* [Instructions for the task] Go to the line in the entries below that holds "マトリックスゲインセイ人工FiveSeasonStuff 化粧収納ボックス メイクケース" and repeat exactly from there through the line that holds "El pasado 14", inclusive.

* [Given information]
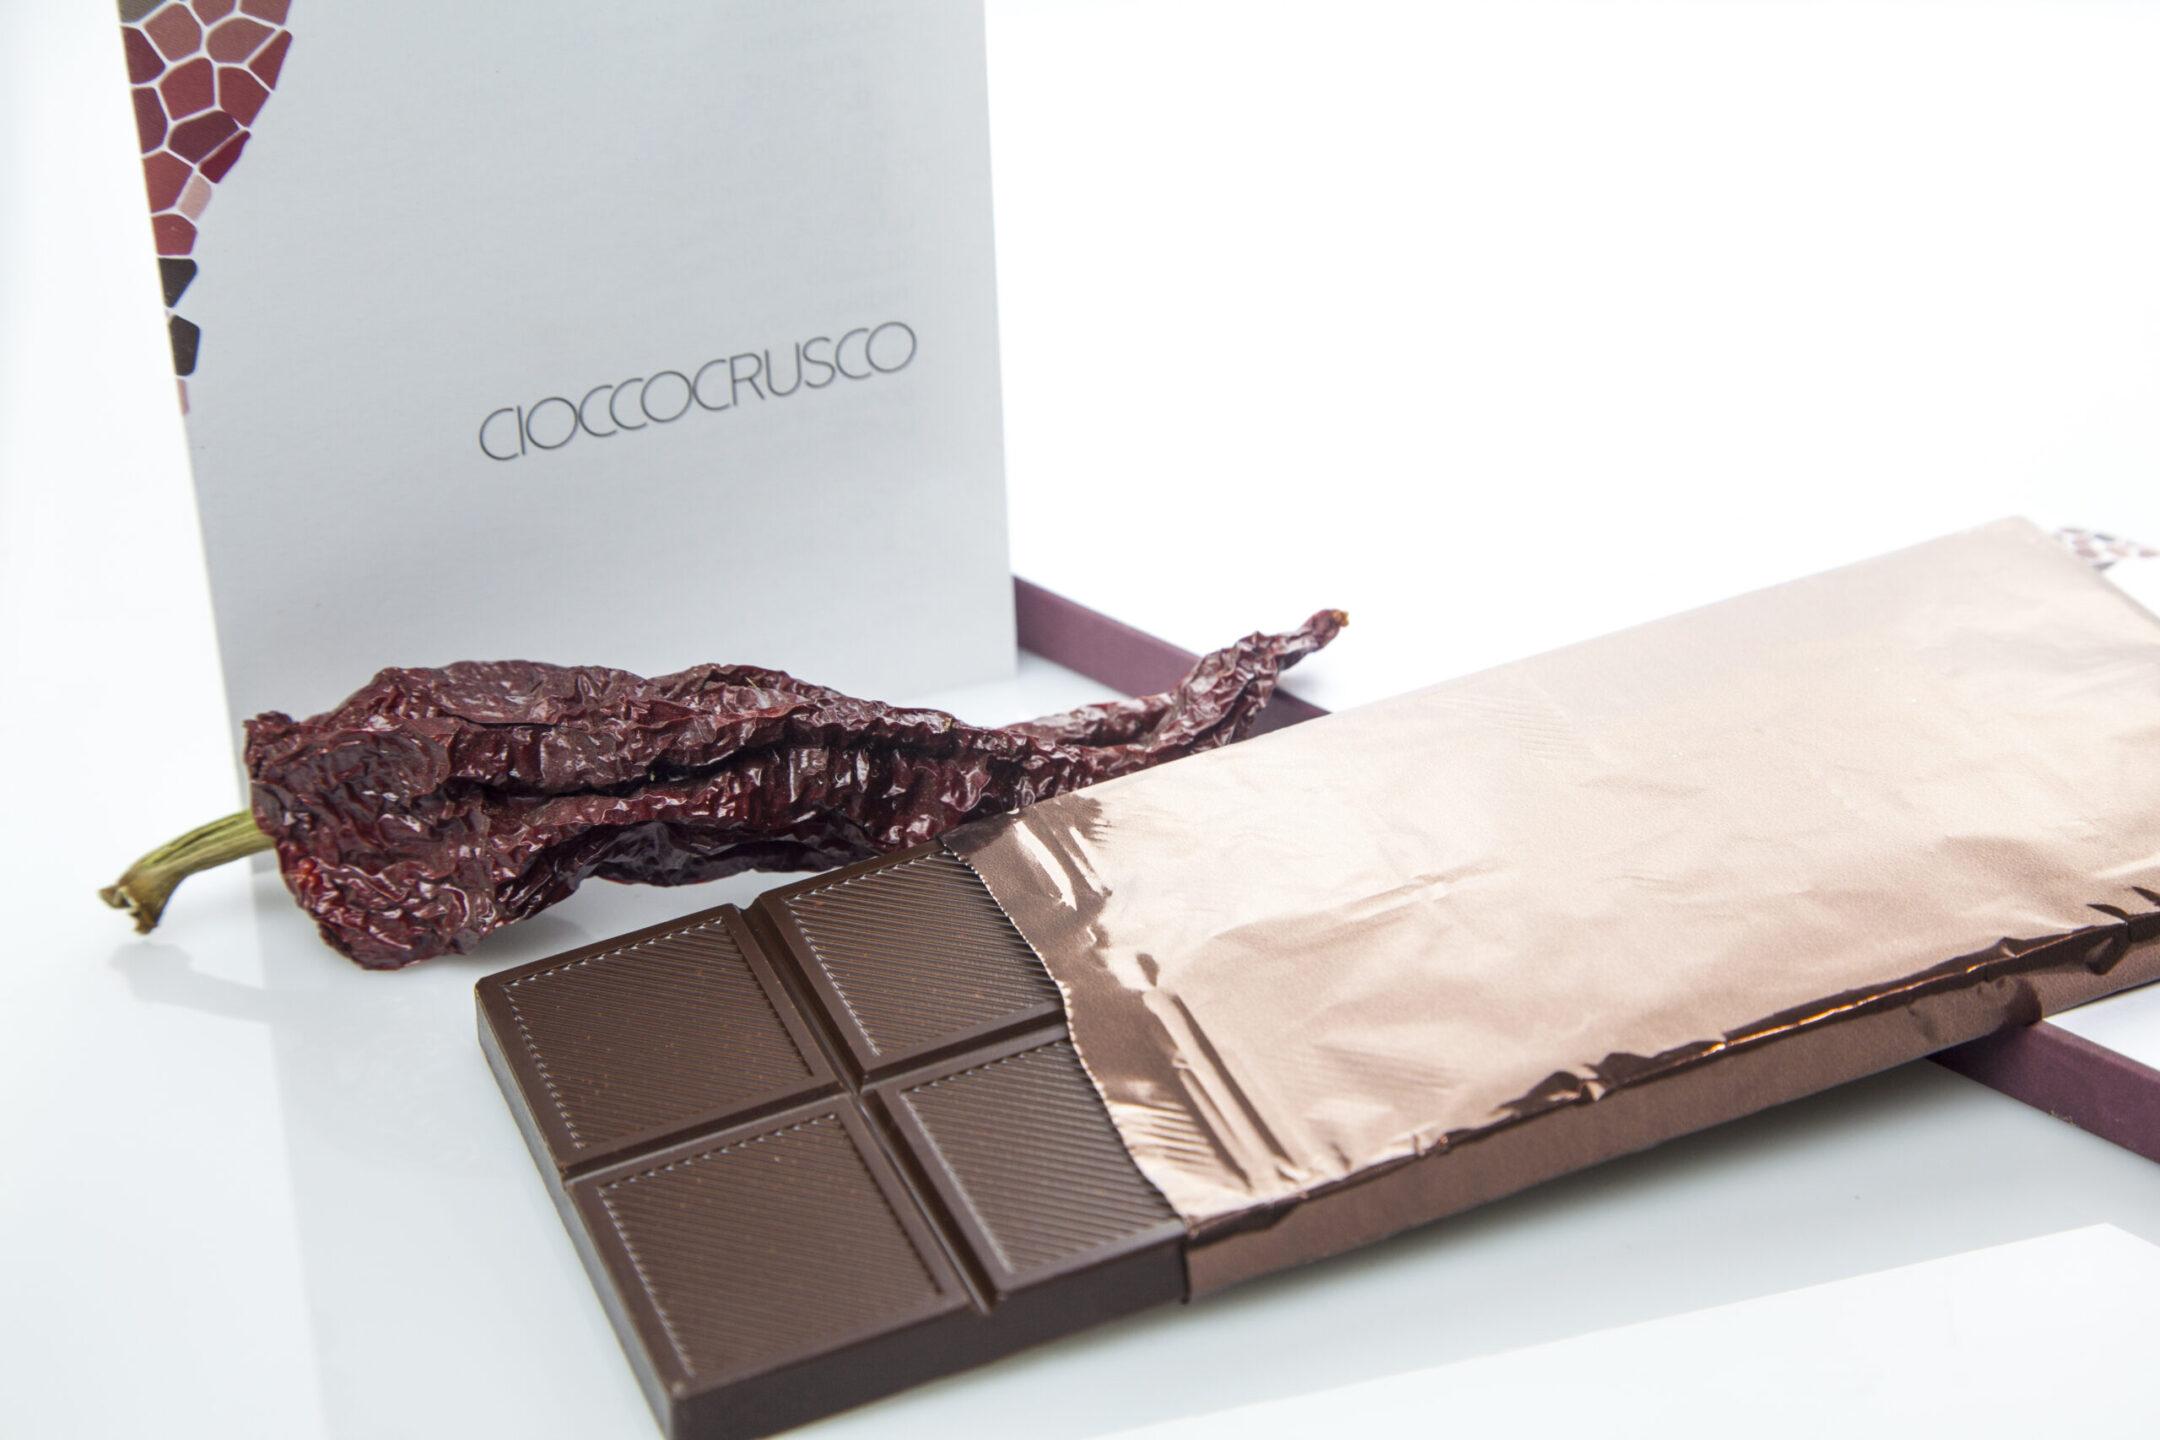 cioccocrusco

* * *

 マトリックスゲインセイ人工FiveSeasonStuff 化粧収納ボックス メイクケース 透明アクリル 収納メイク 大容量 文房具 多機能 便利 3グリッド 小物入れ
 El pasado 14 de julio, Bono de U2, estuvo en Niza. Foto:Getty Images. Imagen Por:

---

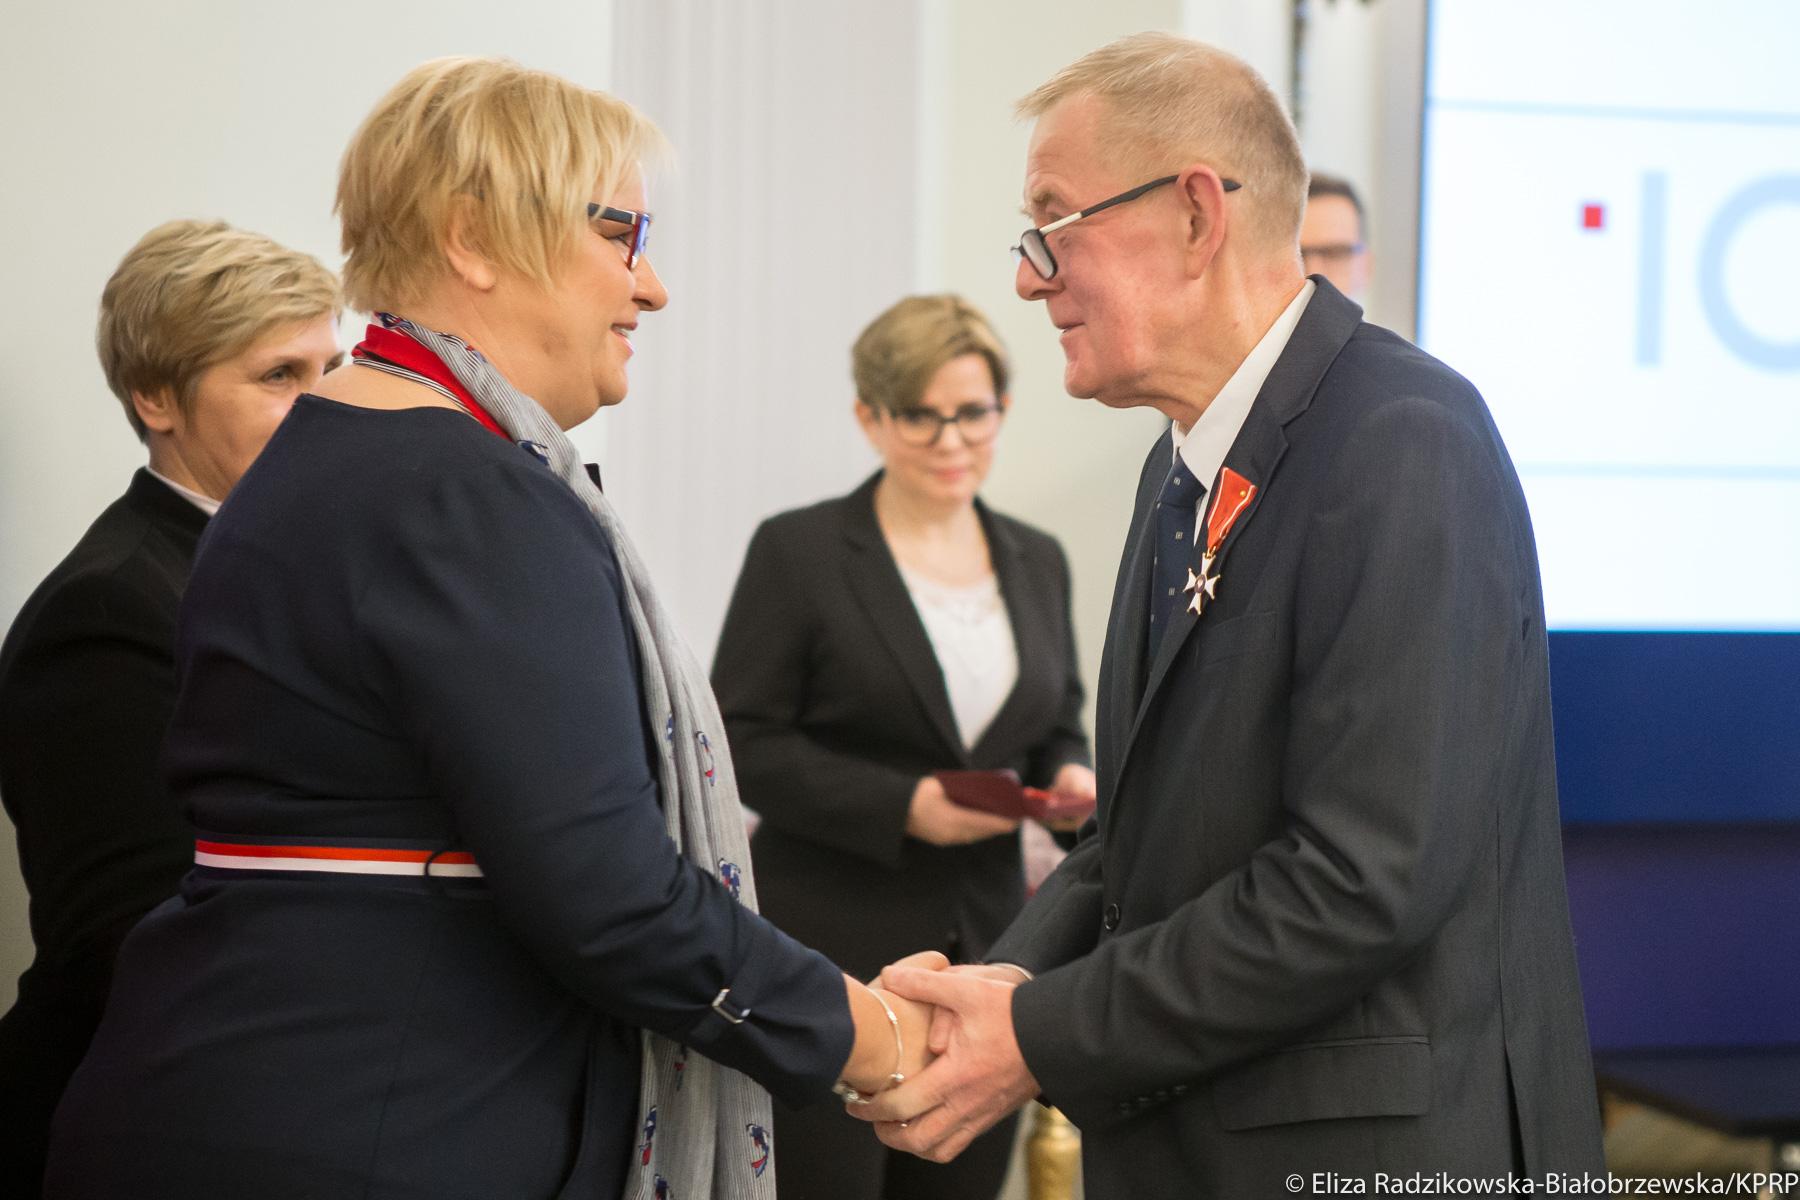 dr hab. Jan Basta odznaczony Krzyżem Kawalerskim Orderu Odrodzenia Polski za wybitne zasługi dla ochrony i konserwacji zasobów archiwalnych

* [Your response]
 マトリックスゲインセイ人工FiveSeasonStuff 化粧収納ボックス メイクケース 透明アクリル 収納メイク 大容量 文房具 多機能 便利 3グリッド 小物入れ
 El pasado 14 de julio, Bono de U2, estuvo en Niza. Foto:Getty Images. Imagen Por:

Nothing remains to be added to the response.